# Ouch. I just learned I should not cut my prairie hay a second time.



## triguy46 (Mar 24, 2009)

Is that correct? boy its looking good, green, tall, no weeds.


----------



## hay wilson in TX (Jan 28, 2009)

You sub substitute grazing with haying, The way of prairie hay is for it to be grazed periodically not continuously.

If you do not take off more than half the growth and give it time to recover you are ok.

The climax condition for these prairies was to graze with heavy animals every year or so. Give the grass plenty of time to grow between grazing, and to burn off the old growth every 3 to 5 years.

Plus there are a lot of different grass species that qualify as prairie grasses. Each has their own set of rules to go by.

Switch Grass if going for hay is cut two maybe three times a year, if fertilized. Going for BioMass you cut it one time a year. 
Gamma grasses can be grazed maybe two times during the year.


----------



## Guest (Aug 7, 2009)

What is really interesting is that Missouri Dept of Conservation or the Department of natural resources or the Nature Conservatory or what their current name is, is baling prairie every other year only on some of there 30,000 acres of state owned prairie state parks style parks, and the balers buying and baling the hay for resale have differing opinions as to the best method of preserving prairie forage. It is an interesting mix of return on investment for the contracting hay baler and the balance of nature conservations with the government regulations.
Give me some input with what's up in your neighborhood
I am very concerned with the happenings in agriculture that are affecting or going to affect all of us in agriculture in the near and distant future
Thanks
Alan
800 283 7107 8-5 m-f central
417 682 1532 cell


----------



## mulberrygrovefamilyfarm (Feb 11, 2009)

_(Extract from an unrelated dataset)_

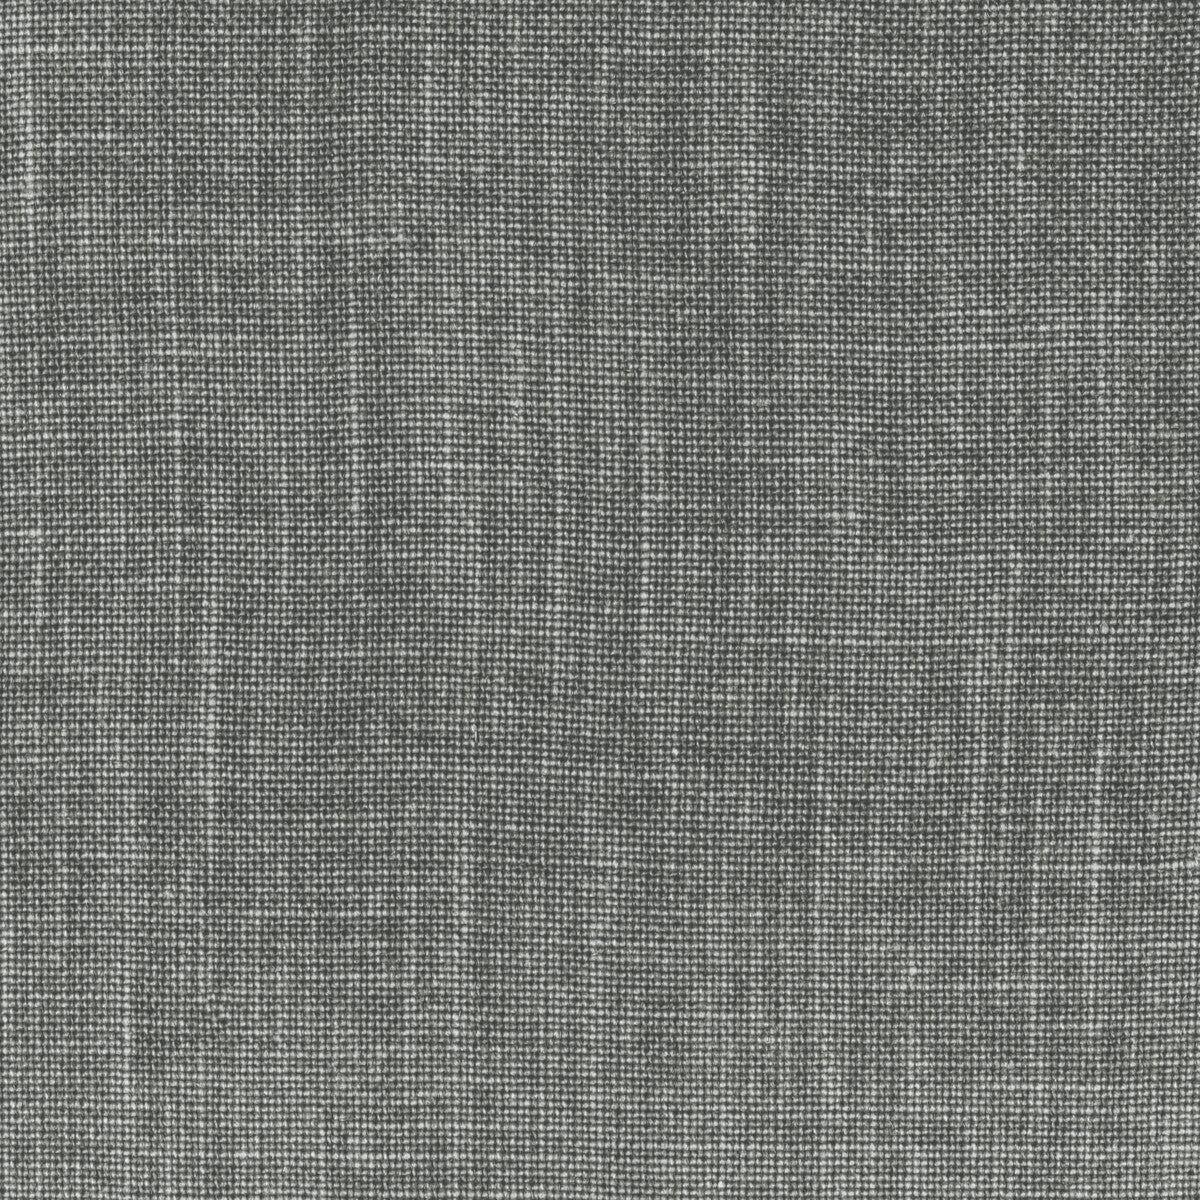 Weathered Linen fabric in slate color - pattern BF10962.940.0 - by G P &amp; J Baker in the Baker House Linens collection

The plan we worked out with the USDA grass specialist is to graze our prairie grass area hard until June 15. Hay it or let the cattle eat it down to dirt until the 15th but get it all the way down by the 15th, then we don't touch it until next year. The cattle eat it like stock piled hay the next spring when they get moved back on it. Our prairie grass gets better every year, but then I guess we get more pheasant and deer than prairie grass bales off of it


----------



## triguy46 (Mar 24, 2009)

It was the MO. site that I read about only cutting once. However, that was after being told by a co-worker/cattleman who told me that. I no longer graze this, so it will be cutting and baling next june. Will see how it progresses.


----------